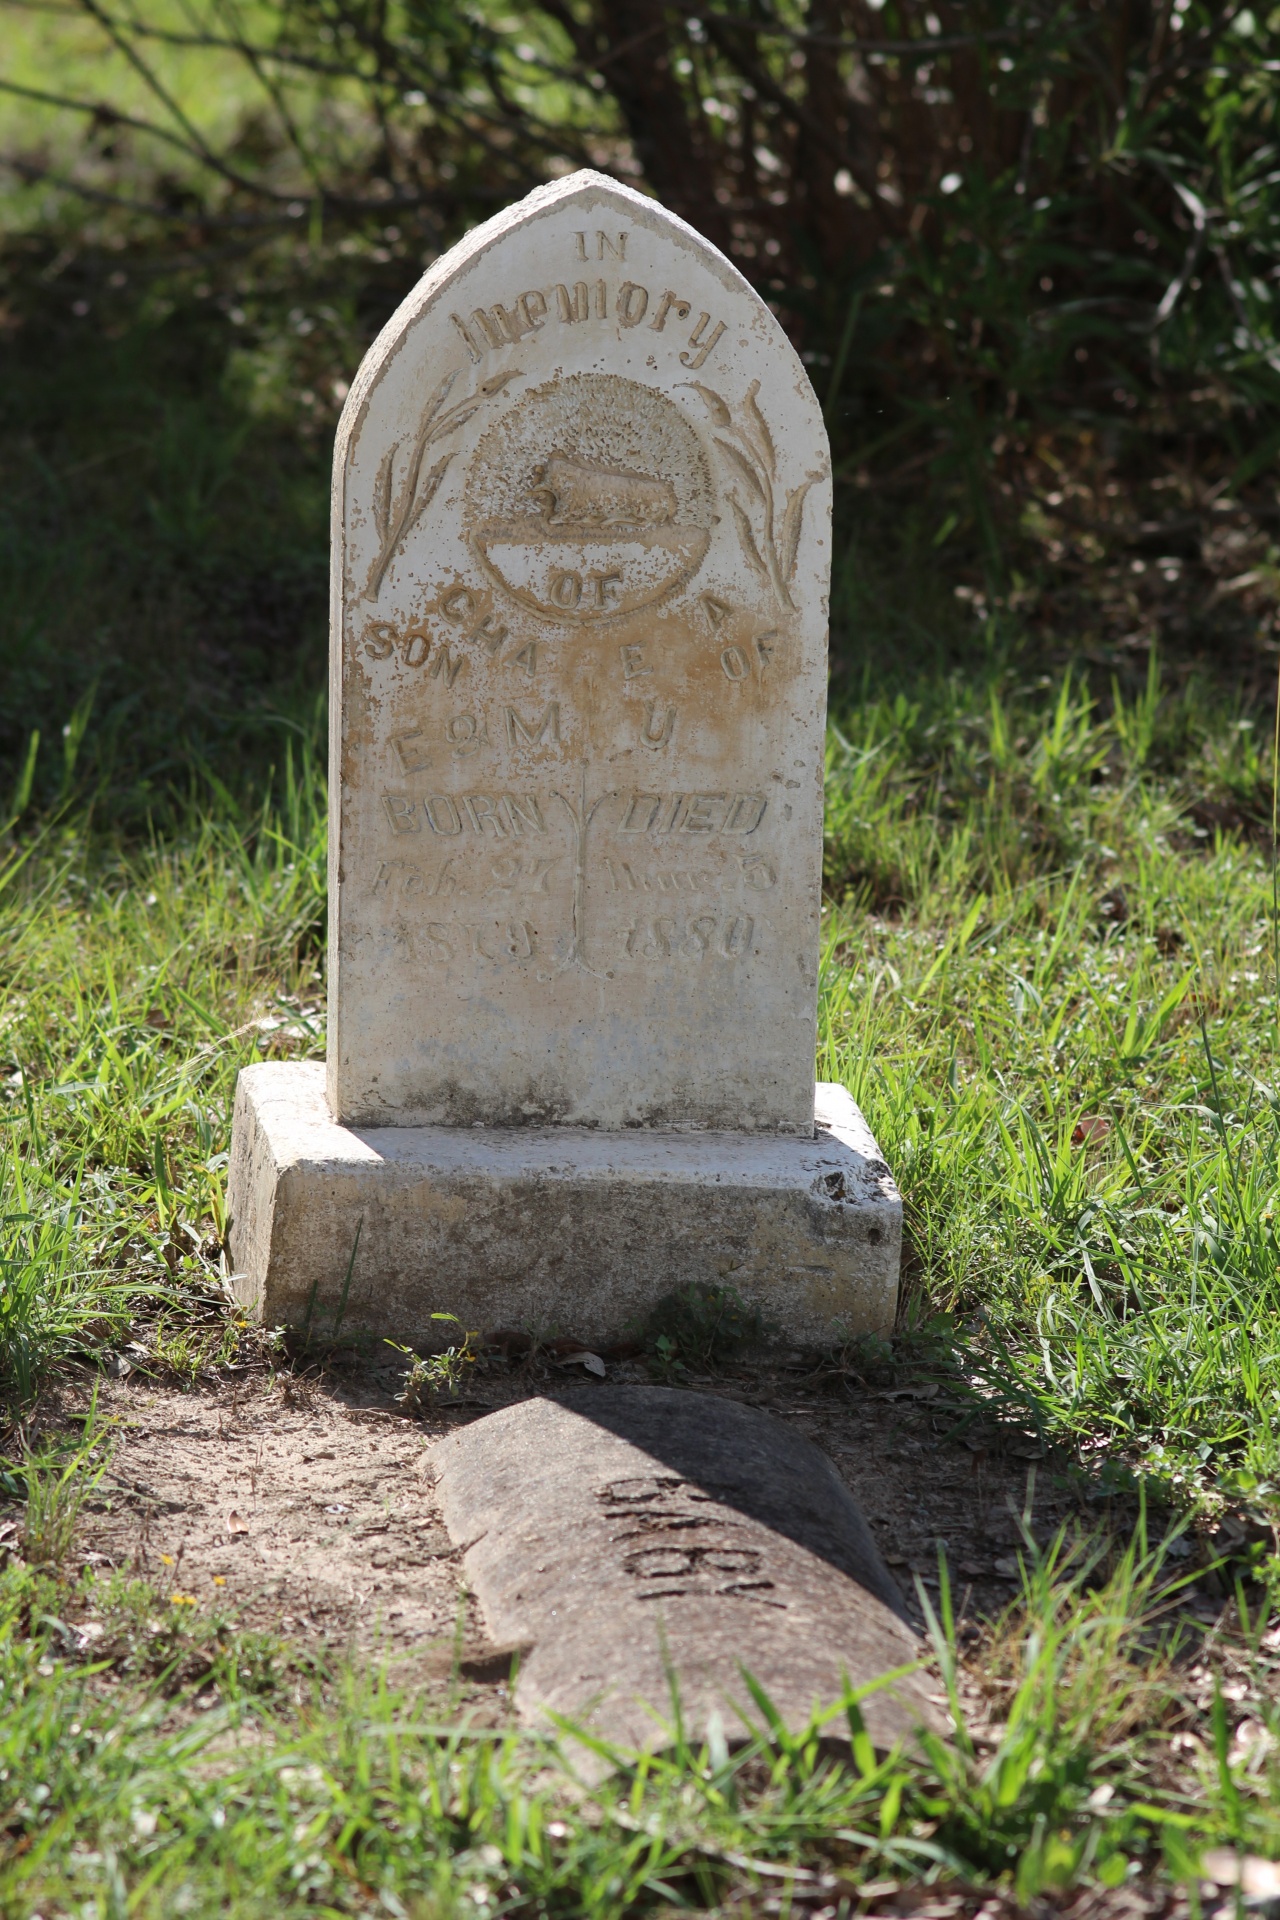 A child's grave from the 1800s
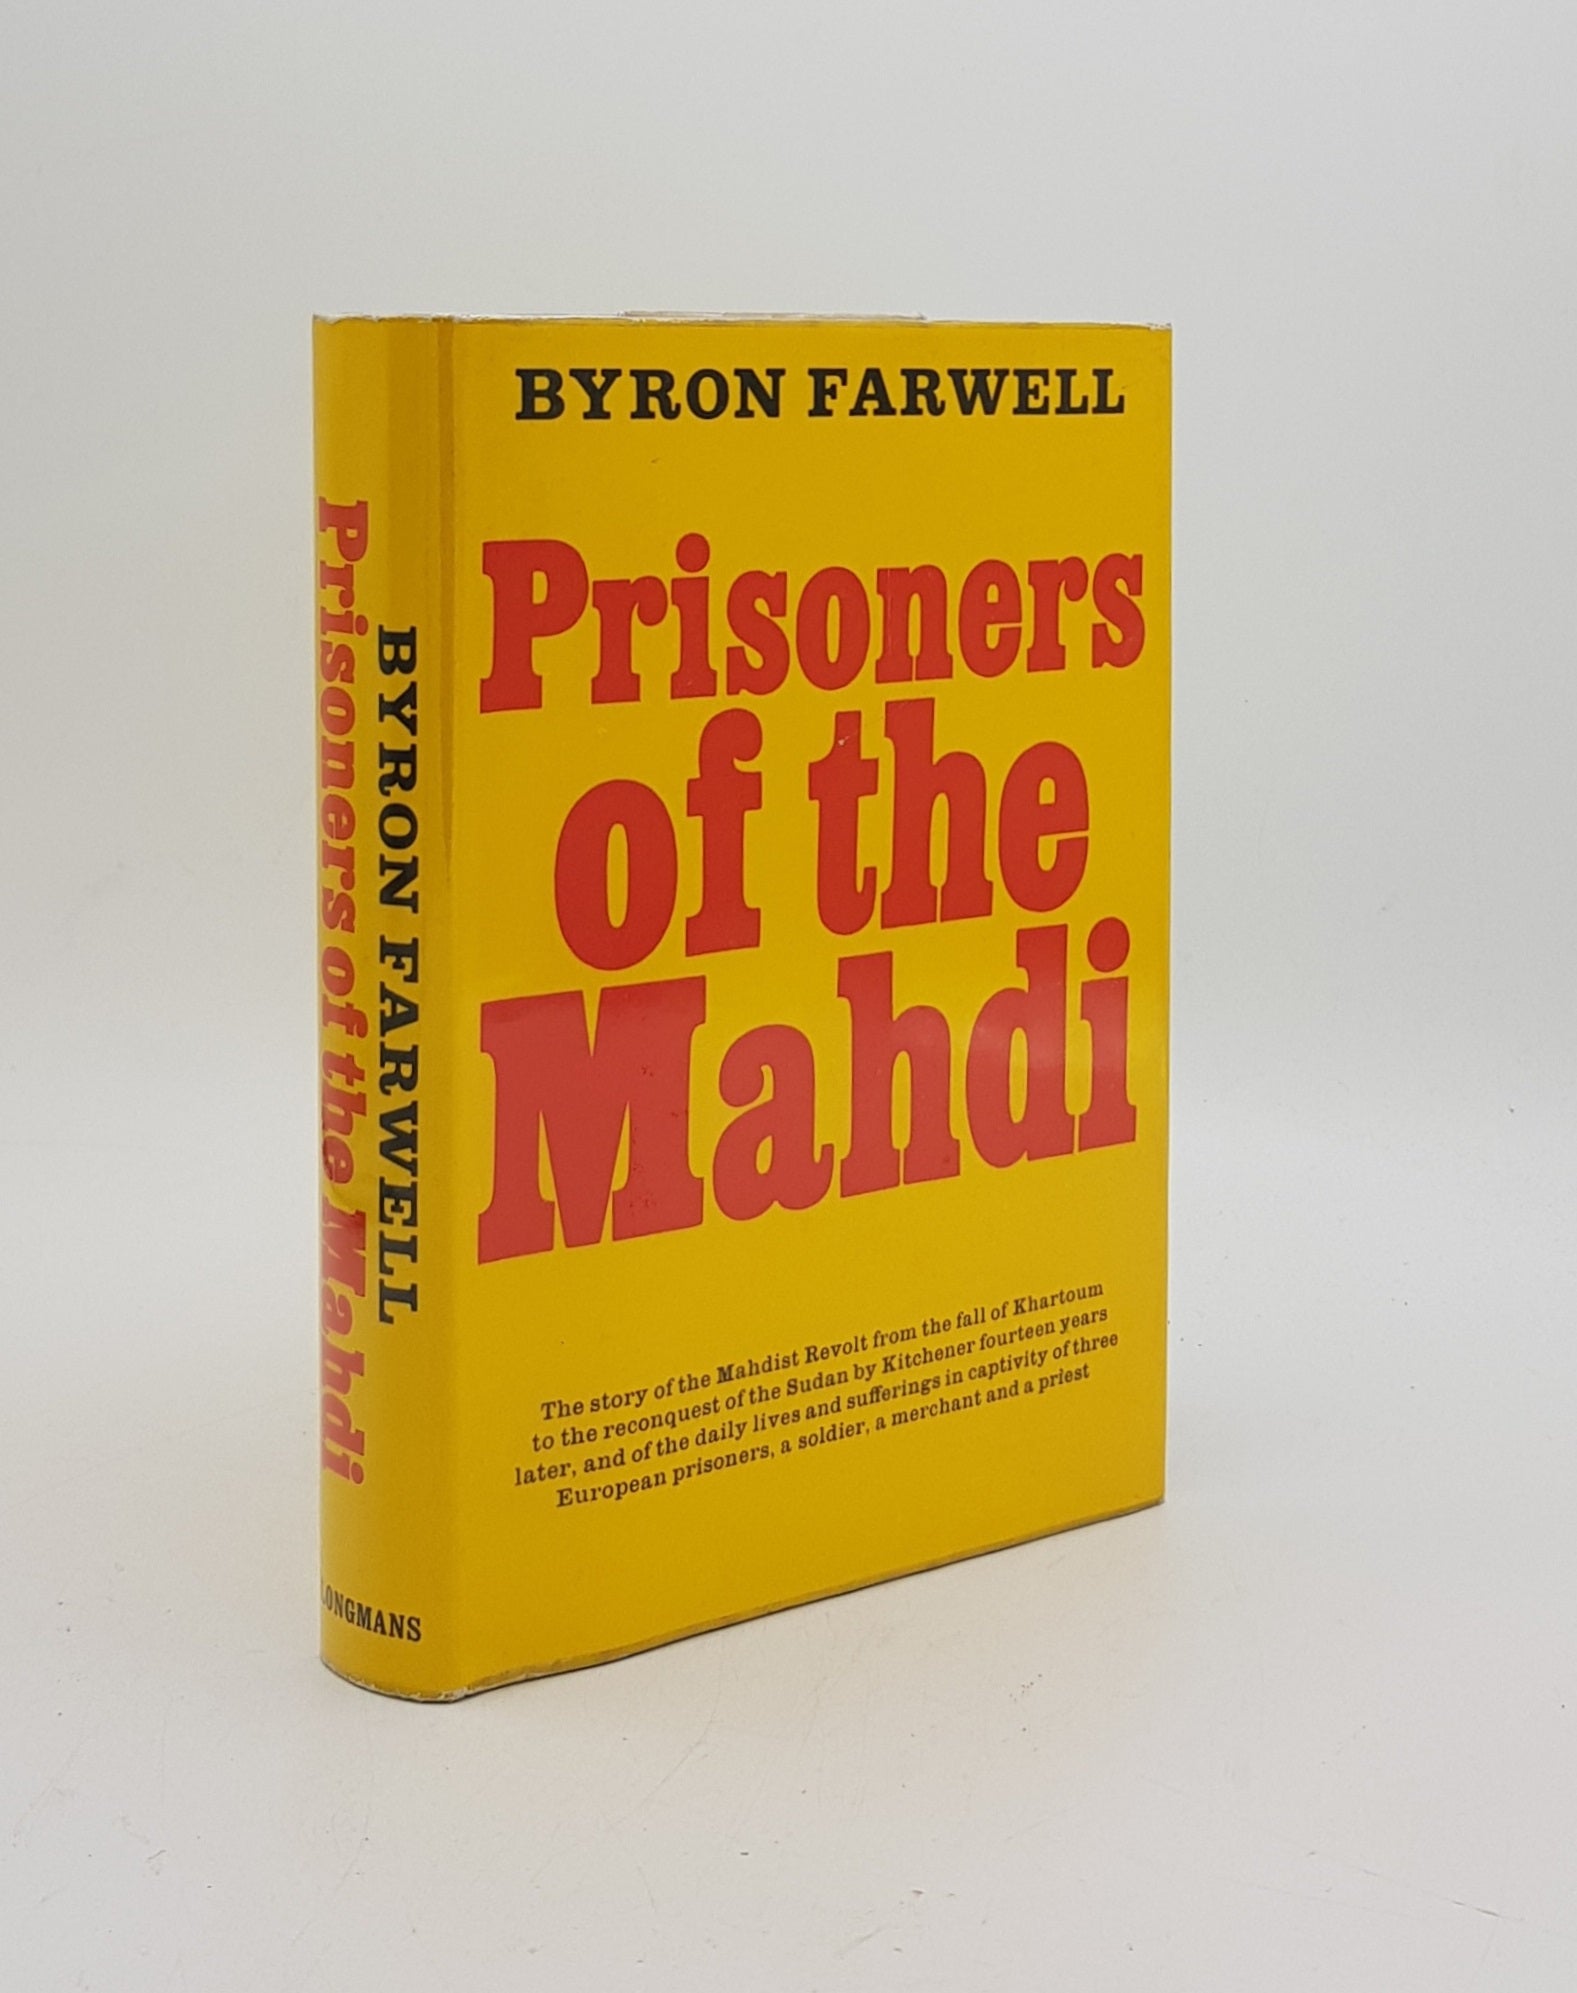 FARWELL Byron - Prisoners of the Mahdi the Story of the Mahdist Revolt from the Fall of Khartoum to the Reconquest of the Sudan Fourteen Years Later and of the Daily Lives and Sufferings in Captivity of Three European Prisoners a Soldier a Merchant and a Priest
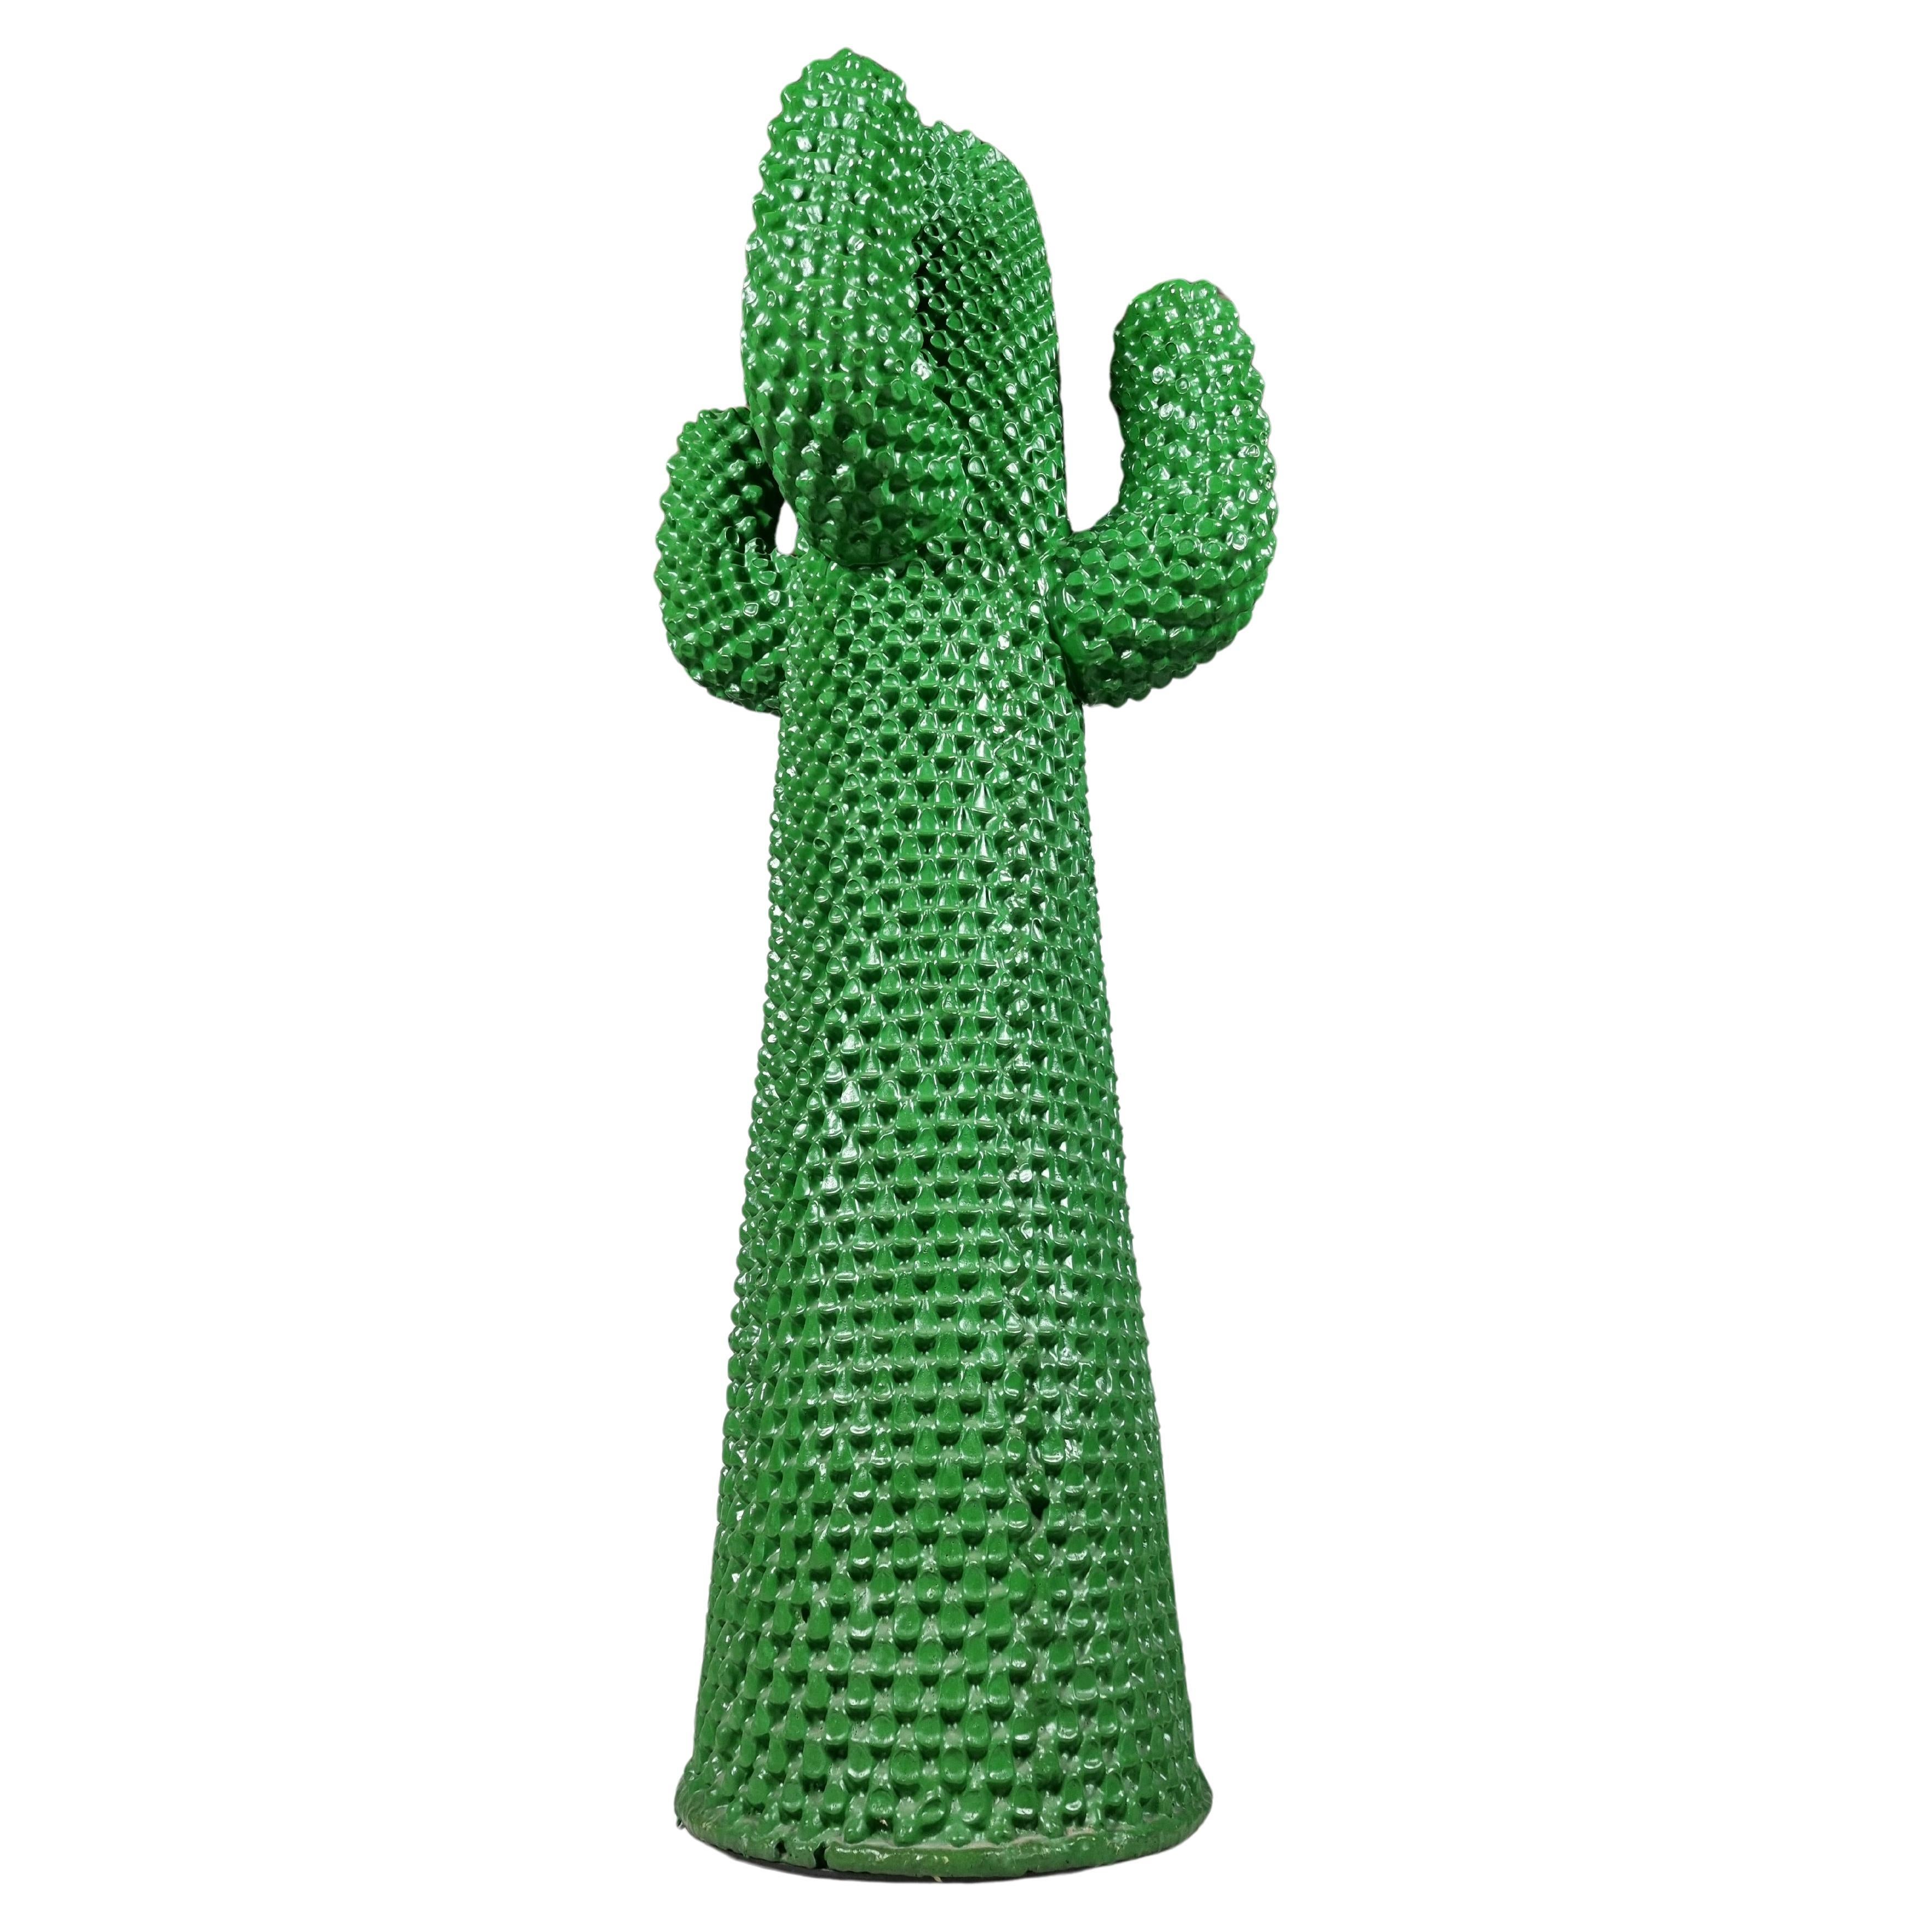  Cactus Coat Rack by Guido Drocco & Franco Mello for Gufram, 1960s For Sale

PROMPT →
Excluding pictures, reproduce the listing above exactly as it stands.

EXERCISE RESPONSE →
 A child's grave from the 1800s
 FARWELL Byron - Prisoners of the Mahdi the Story of the Mahdist Revolt from the Fall of Khartoum to the Reconquest of the Sudan Fourteen Years Later and of the Daily Lives and Sufferings in Captivity of Three European Prisoners a Soldier a Merchant and a Priest
  Cactus Coat Rack by Guido Drocco & Franco Mello for Gufram, 1960s For Sale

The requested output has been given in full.